Detection Methods for CVE-2026-31214
Indicators of Compromise
- Unexpected child processes spawned by Python interpreters running torch-checkpoint-shrink.py, such as shells, curl, wget, or package managers
- Outbound network connections from Python processes immediately after a checkpoint load operation
- New files written under home directories, /tmp, or model cache paths during checkpoint processing
- .pt files originating from untrusted sources or with anomalous size relative to declared model dimensions
Detection Strategies
- Hunt process trees where python parents non-ML utilities like /bin/sh, bash, nc, or powershell during checkpoint loading windows
- Inspect .pt files for suspicious opcodes by scanning pickle streams for GLOBAL references to modules such as os, subprocess, posix, or builtins
- Flag torch.load() call sites in code review and CI scanning that omit weights_only=True
- Correlate file download events for .pt artifacts with subsequent process and network activity on the same host
Monitoring Recommendations
- Enable command-line and process-creation auditing on ML training and inference hosts
- Log all file reads of .pt and .pth artifacts and the user account performing the load
- Alert on Python processes initiating outbound TCP connections to non-allowlisted destinations
- Track integrity hashes of checkpoint files against a known-good registry before consumption
How to Mitigate CVE-2026-31214
Immediate Actions Required
- Stop running torch-checkpoint-shrink.py against checkpoints from untrusted or unverified sources
- Patch the script locally by adding weights_only=True to the torch.load() call at line 57
- Audit the repository for additional torch.load() usages that omit the safe-loading flag
- Quarantine .pt files received from external collaborators until they are scanned and validated
Patch Information
No upstream patch is currently referenced in the NVD record. Apply a local fix by modifying the torch.load() invocation to pass weights_only=True, which restricts deserialization to tensor data and rejects arbitrary Python objects. PyTorch versions 2.6 and later enable this behavior by default, but the script's explicit call pattern should still set the parameter for clarity and backward compatibility.
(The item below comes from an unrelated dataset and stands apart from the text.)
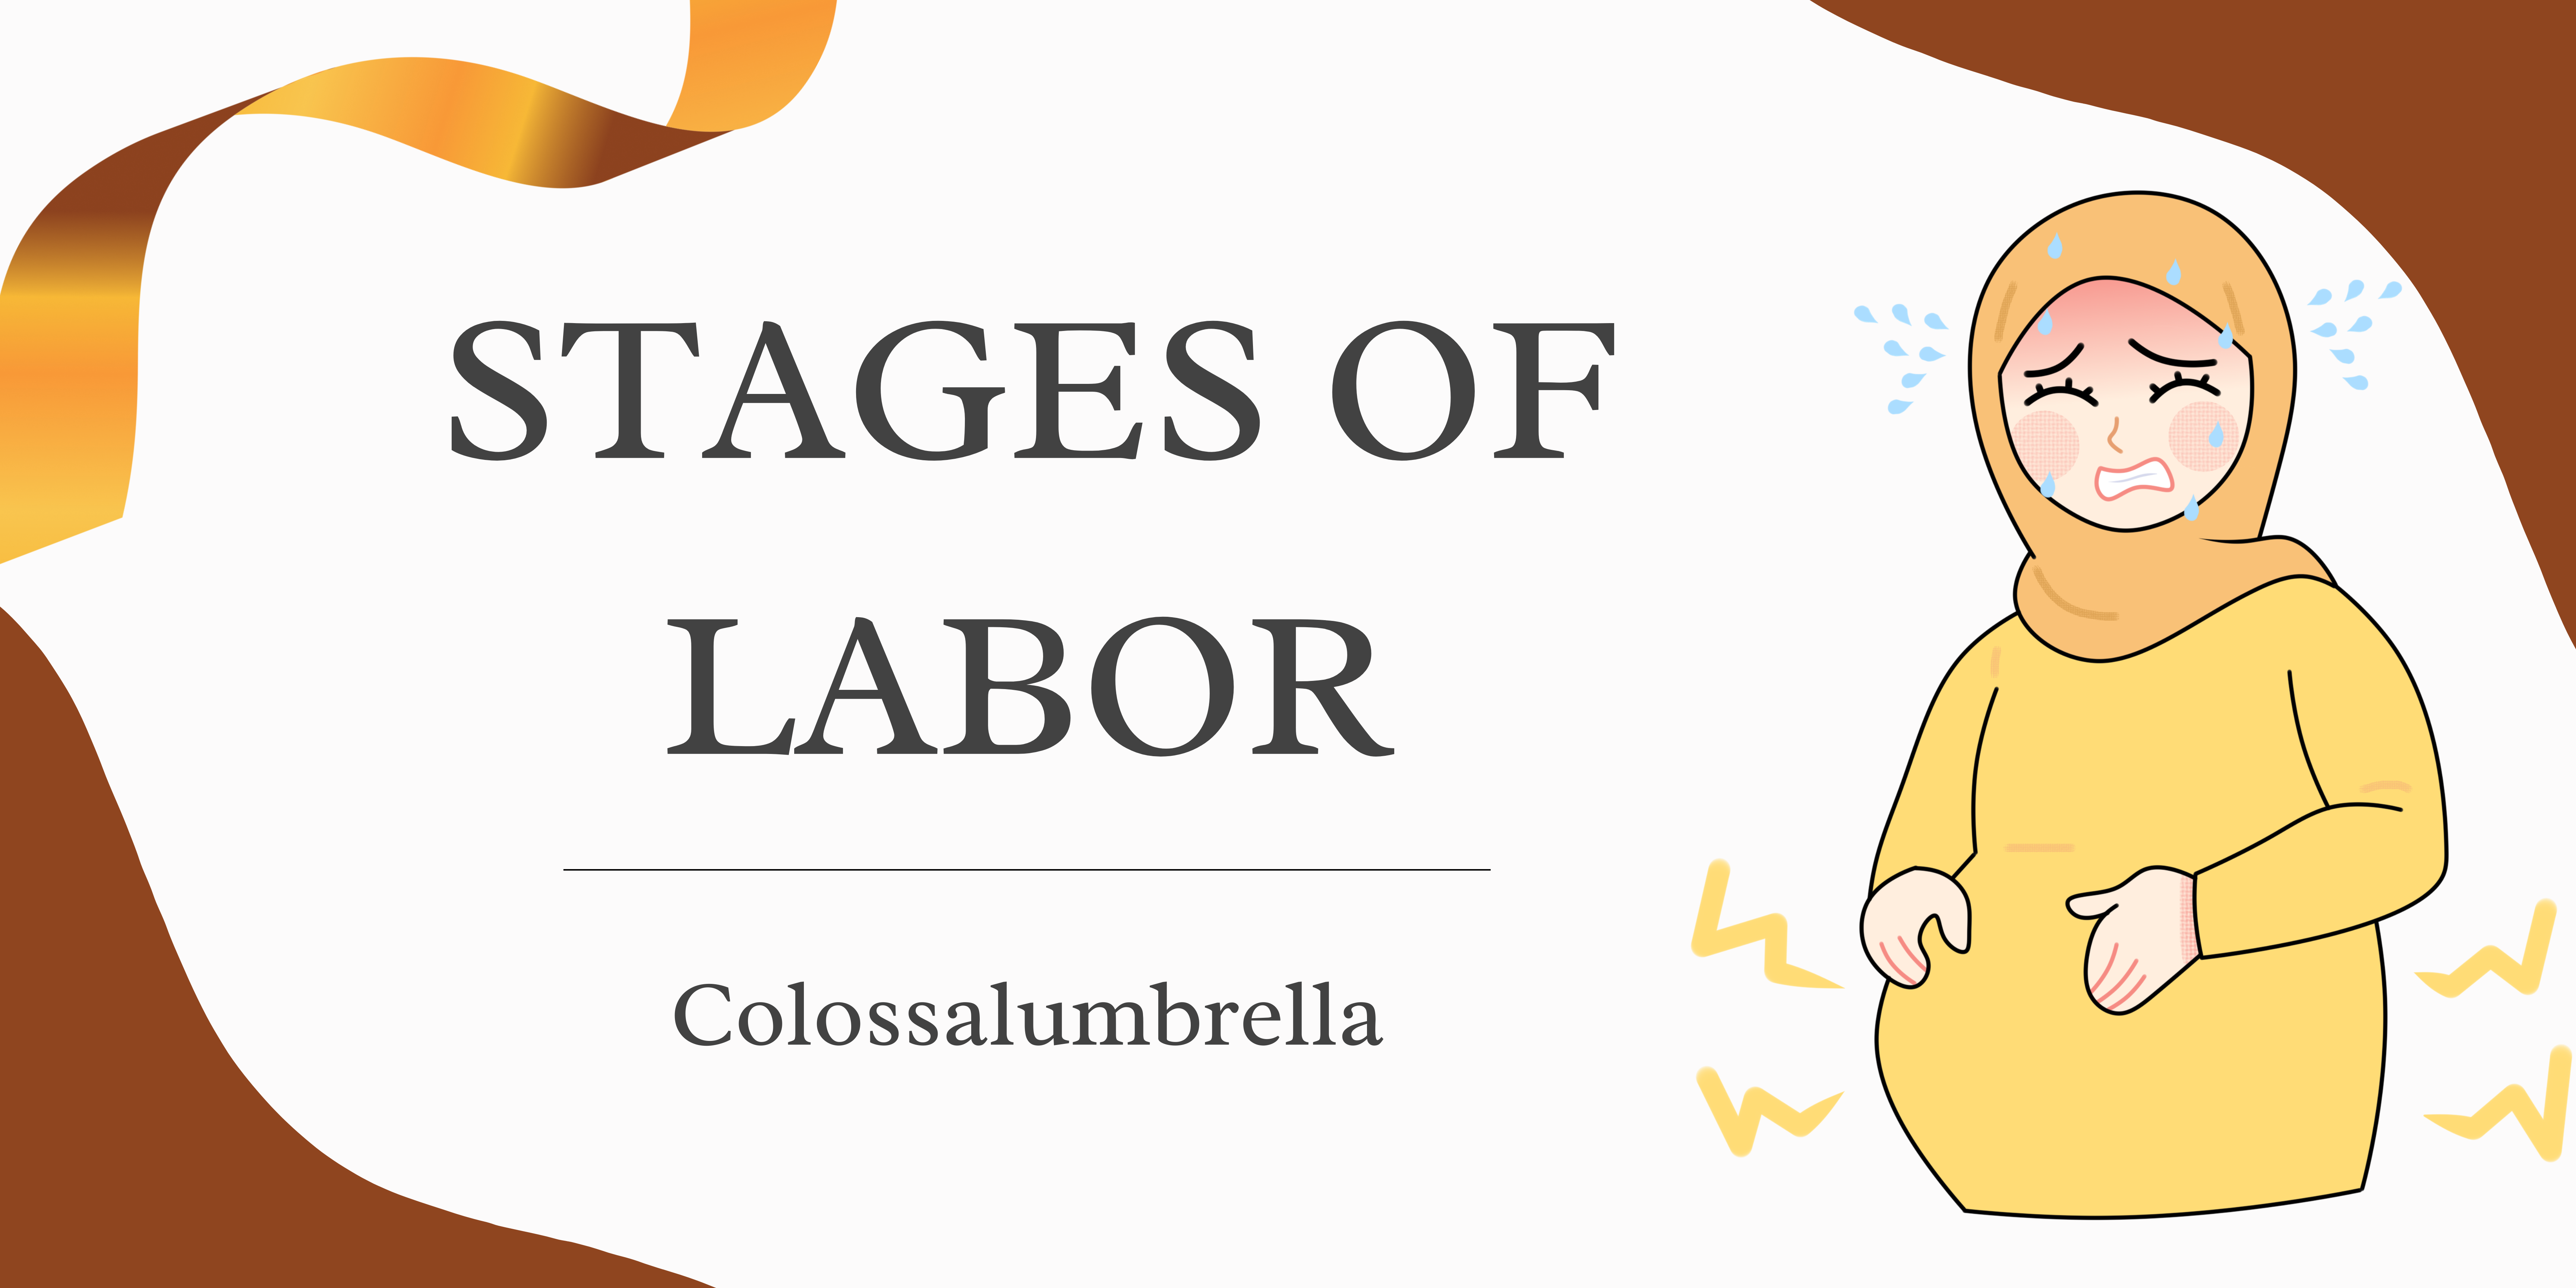 4 Stages of Labor
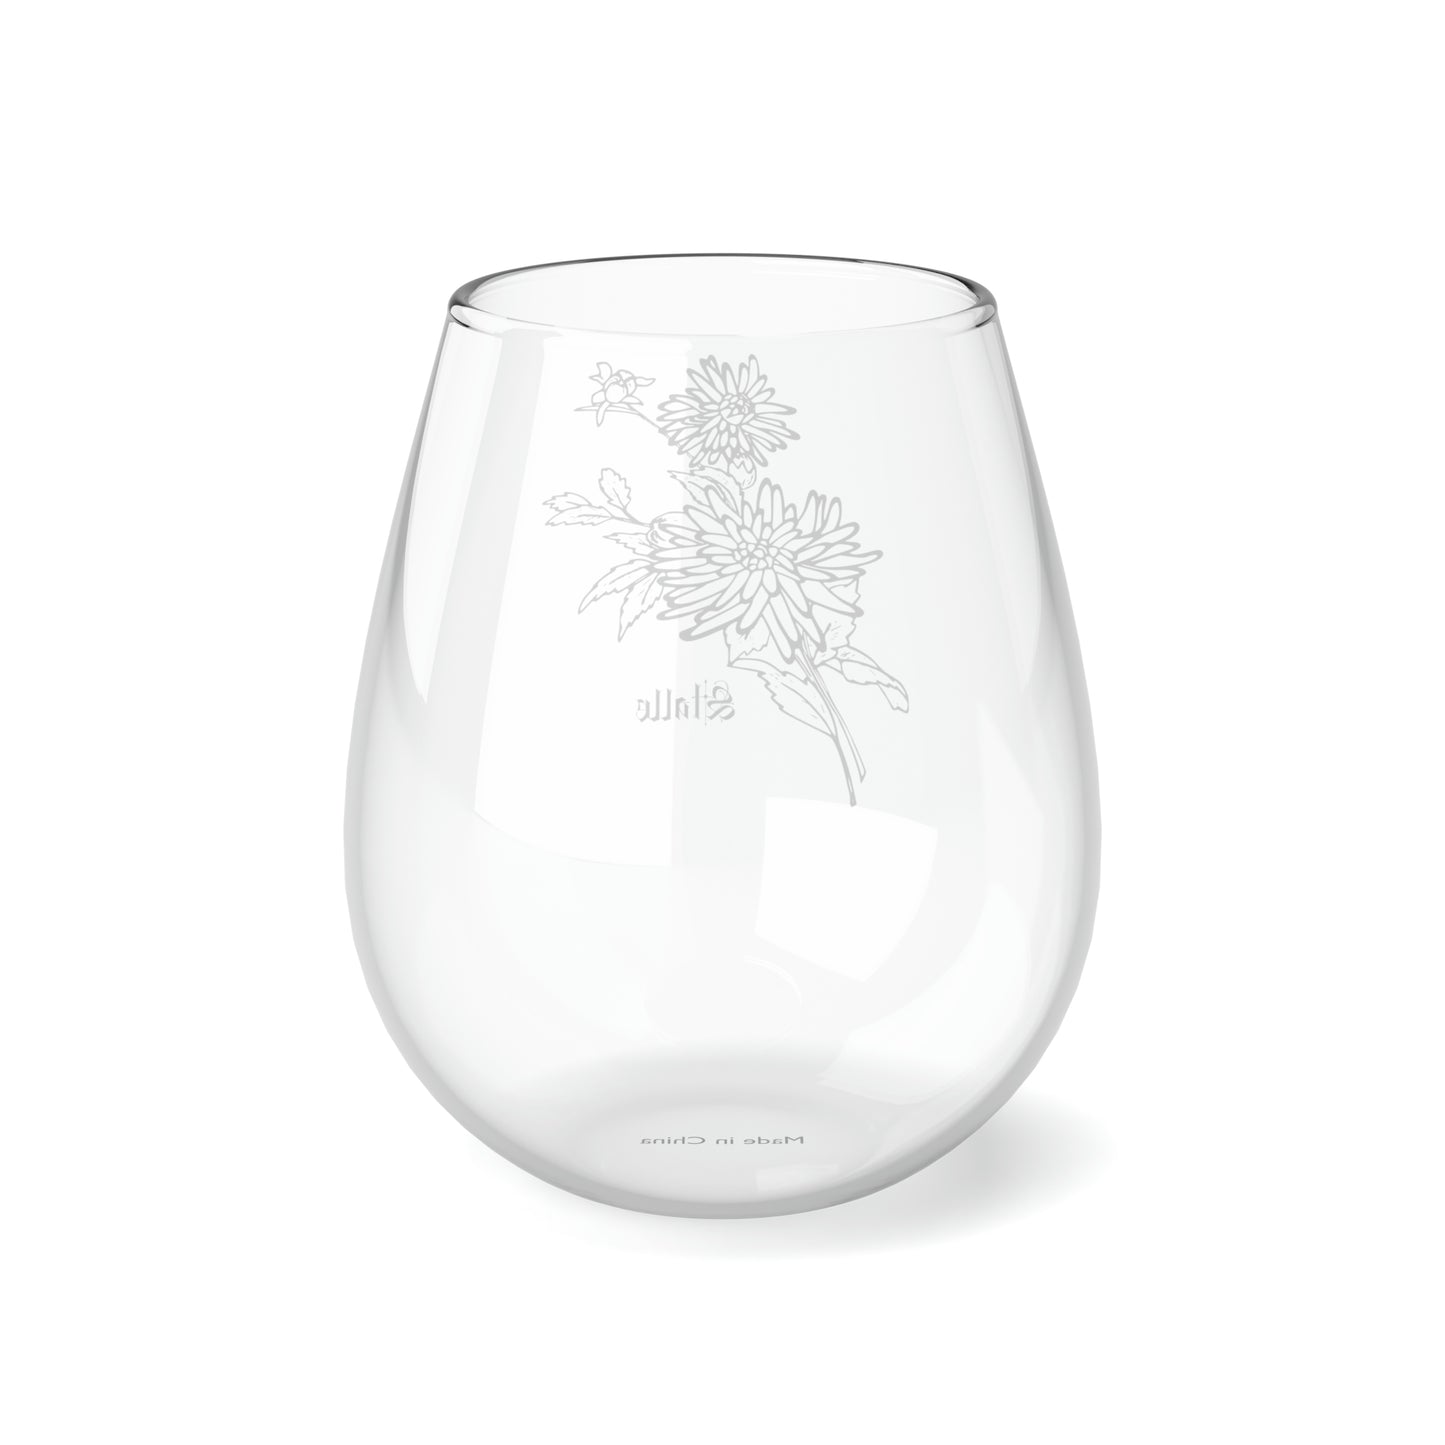 November PERSONALIZED Birth Flower Wine Glass, Birth Flower Gifts, Birth Flower wine glass, Birth Flower Gifts for Women, Gift for coworker, sister gift, birthday gift, Valentine gift, Stemless Wine Glass, 11.75oz

Track the upstream repository at the ml-engineering project for any forthcoming fix.
Workarounds
- Run the script inside an ephemeral container or sandbox with no network egress and no access to credentials
- Pre-validate checkpoint files by loading them with weights_only=True in an isolated process before any conversion step
- Restrict execution to dedicated service accounts without write access to source code or secrets
- Enforce checksum verification against a trusted manifest for every .pt artifact entering the pipeline
# Configuration example: safe-load wrapper
python -c "import torch; torch.load('checkpoint.pt', map_location='cpu', weights_only=True)"
: This content was generated using AI. While we strive for accuracy, please verify critical information with official sources.